The area comprises a large part of the postcode LS17, which contains most of north Leeds and the surrounding countryside. On either side of Alwoodley is Adel, to the west, and Shadwell, to the east. Most of the housing is between Nursery Lane and Alwoodley Lane. To the south are Moor Allerton and Moortown. The area to the north is mainly countryside, including the Eccup Reservoir, two golf courses, and the Harewood Estate.

The Harewood Estate comprises approximately 4,000 acres of land in total including Harewood House, an 18th Century country house designed by architects John Carr and Robert Adam, built for Edwin Lascelles, 1st Baron Harewood. The landscape was designed by Lancelot "Capability" Brown and spans 1,000 acres (400 ha). The house is the family seat of the Lascelles family, and home of David Lascelles, the Eighth Earl of Harewood.

==History==

The name Alwoodley is thought to derive from Old English Æthelwald-lēah, meaning 'the woodland clearing (lēah), at Æthelwald's farm'. It appears as Aluuoldelei in the 1086 Domesday Book.

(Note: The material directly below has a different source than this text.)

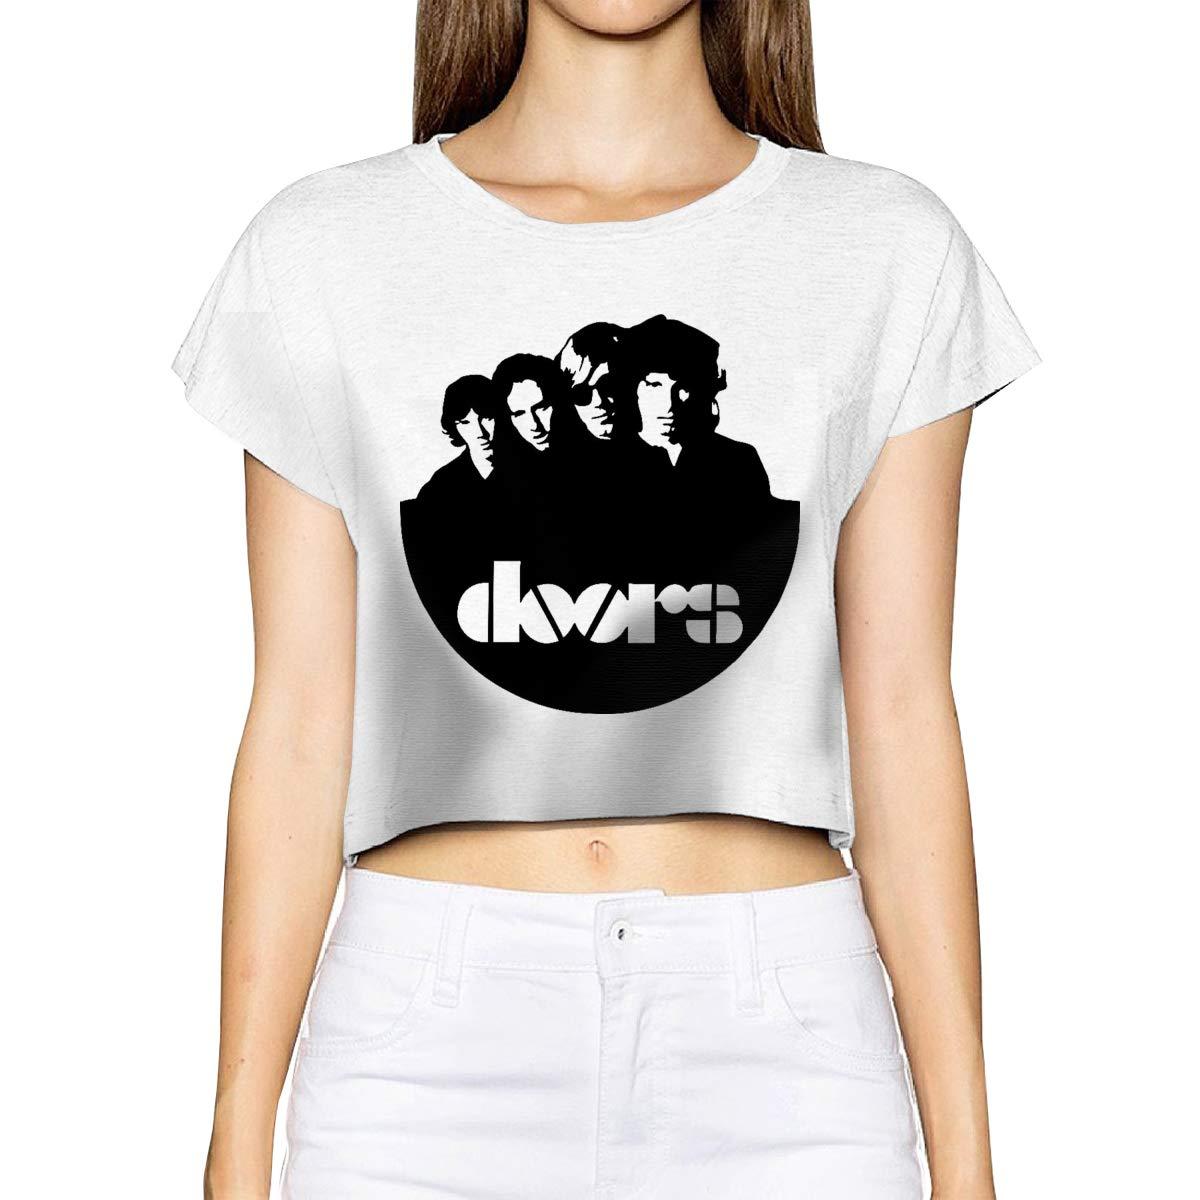 Smooffly Womens Crop Top The Doors Short Sleeves Shirts

The route of the Roman road between Ilkley and Tadcaster, road 72b in Margary's numbering, passes through Alwoodley. Part of it was excavated along Lakeland Crescent in 1994.

Alwoodley became part of the County Borough of Leeds on 1 April 1928 as a consequence of the passage of the Leeds Corporation Act 1927.

===Civil Parish===
The civil parish boundaries are from Nursery Lane on the south, following the Meanwood Valley Trail on the west, the A61 Harrogate Road on the east. The northern boundaries are in countryside between Harewood to the northeast and Arthington to the northwest. Note that Alwoodley Gates is an area to the east of the A61 inside the Harewood civil parish.

===Electoral Ward===

The Electoral Ward includes the above area, but also Alwoodley Gates to the east and southwards part of Moortown as far as the Leeds Outer Ring Road. This article will include this larger area, which includes certain institutions associated with the area but just outside the civil parish boundary.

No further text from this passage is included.